5. De como a médica sem cara de médica mudou
radicalmente as condições de vida da “Cozinha do Inferno”:
“Until then, the Health Department had sought to
track down sick children and refer them to physicians, a mostly futile endeavor
in the days before antibiotics and modern medicine. Baker decided that the new
bureau’s mission would instead be prevention. The city had an established and efficient
system of birth registration. As soon as a child was born, her name and address
were reported to the Health Department. Baker reasoned that if every new mother
were properly taught how to feed and care for a baby and recognize the signs of
illness, the mother would have a much better chance of keeping the child alive.
In her first year at the Bureau of Child Hygiene,
Baker sent nurses to the most deadly ward on the Lower East Side.
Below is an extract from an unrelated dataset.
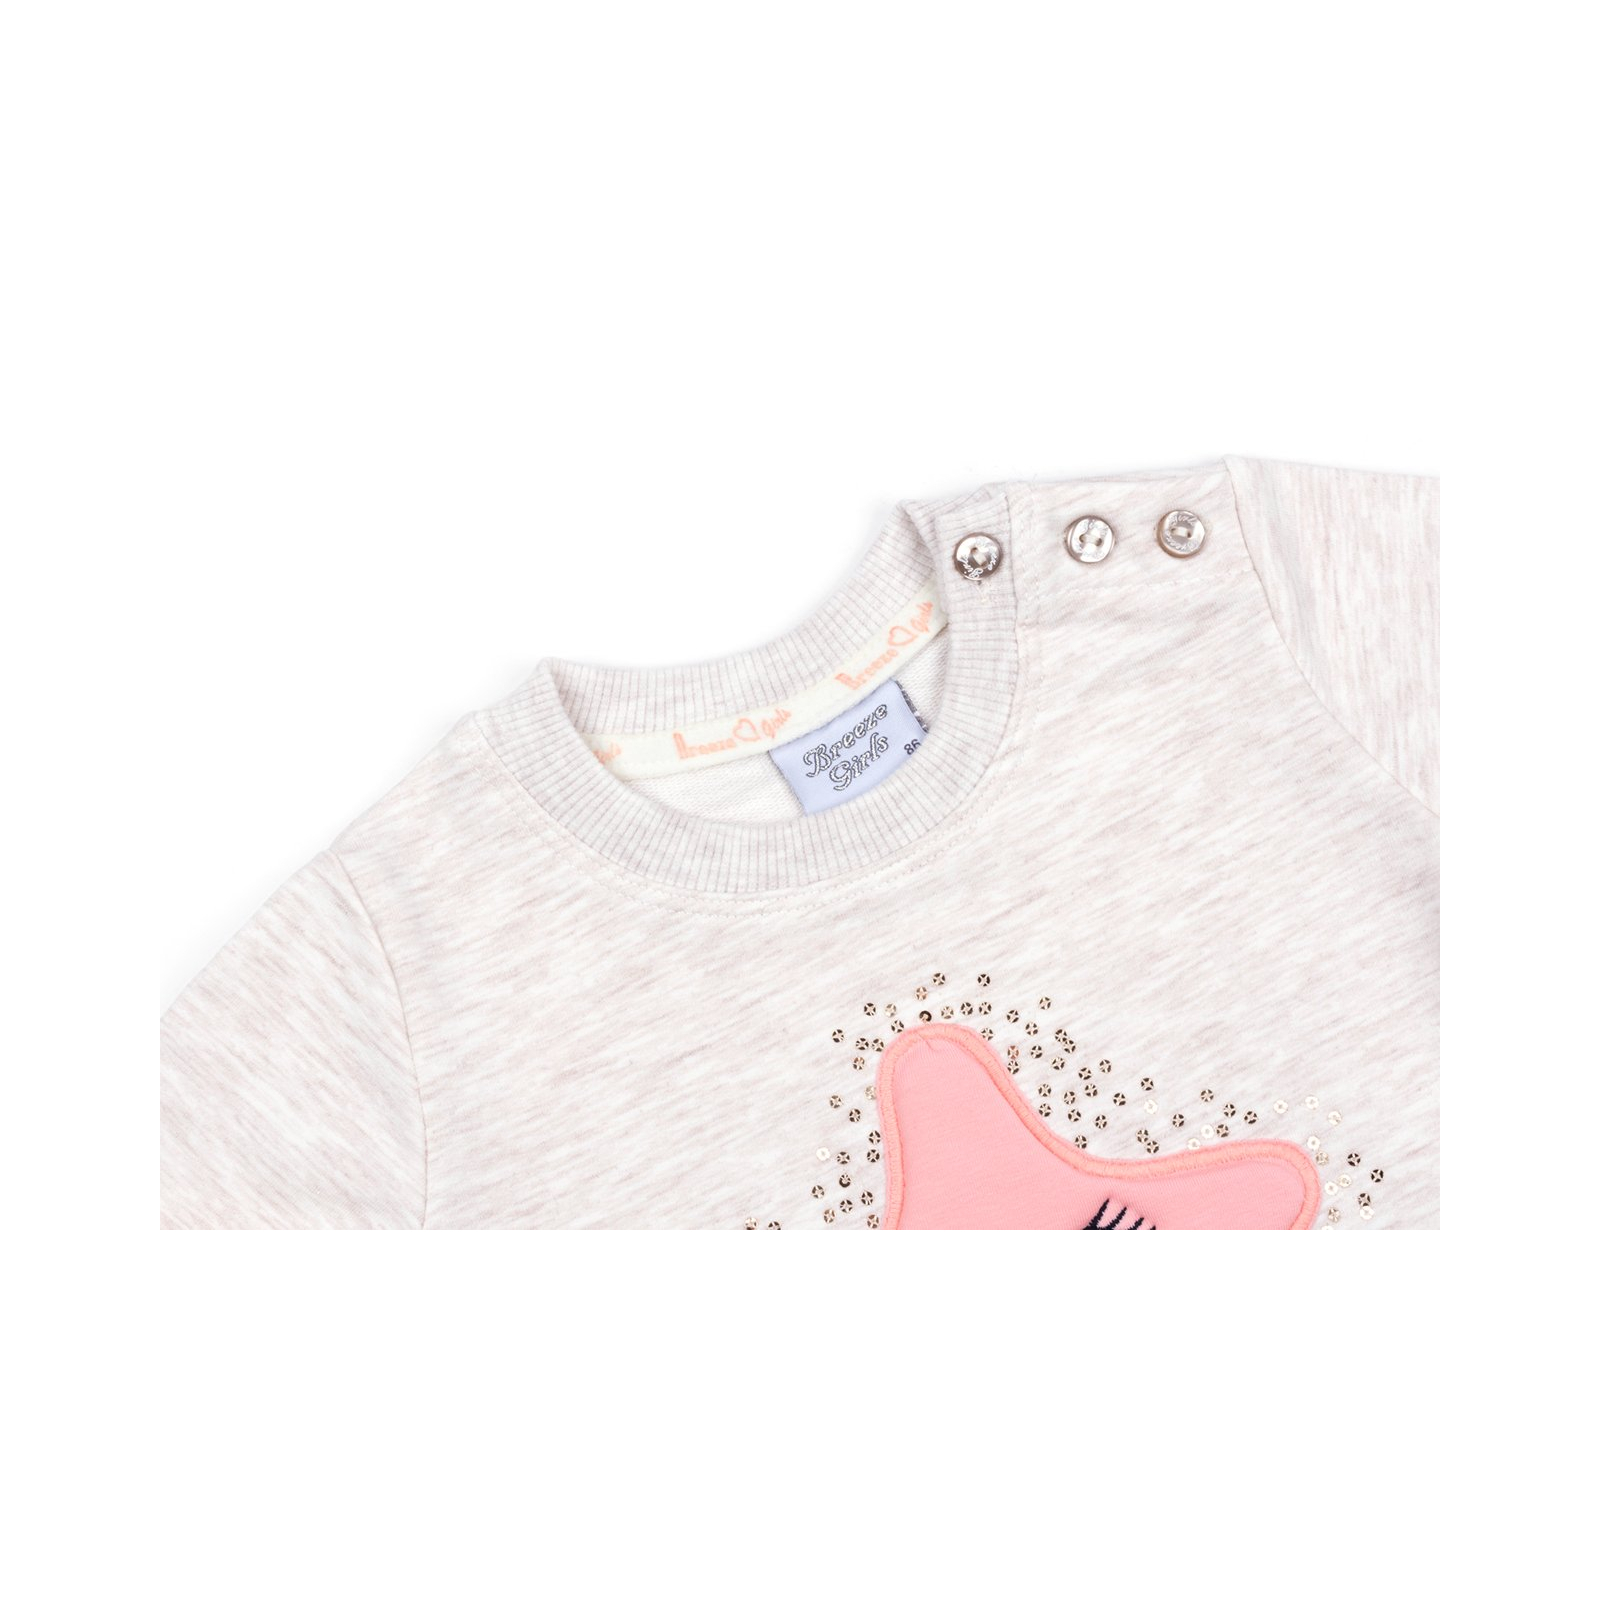 Набор детской одежды Breeze со звездочкой (9824-92G-beige) изображение 7

They were to
visit every new mother within a day of delivery, encouraging exclusive
breast-feeding, fresh air, and regular bathing, and discouraging hazardous
practices such as feeding the baby beer or allowing him to play in the gutter.
This advice was entirely conventional, but the results were extraordinary: that
summer, 1,200 fewer children died in that district compared to the previous
year; elsewhere in the city the death rate remained high. The home-visiting
program was soon implemented citywide, and in 1910, a network of “milk
stations” staffed by nurses and doctors began offering regular baby
examinations and safe formula for older children and the infants of women who
couldn’t breast-feed. In just three years, the infant death rate in New York
City fell by 40 percent, and in December 1911, The New York Times hailed
the city as the healthiest in the world.”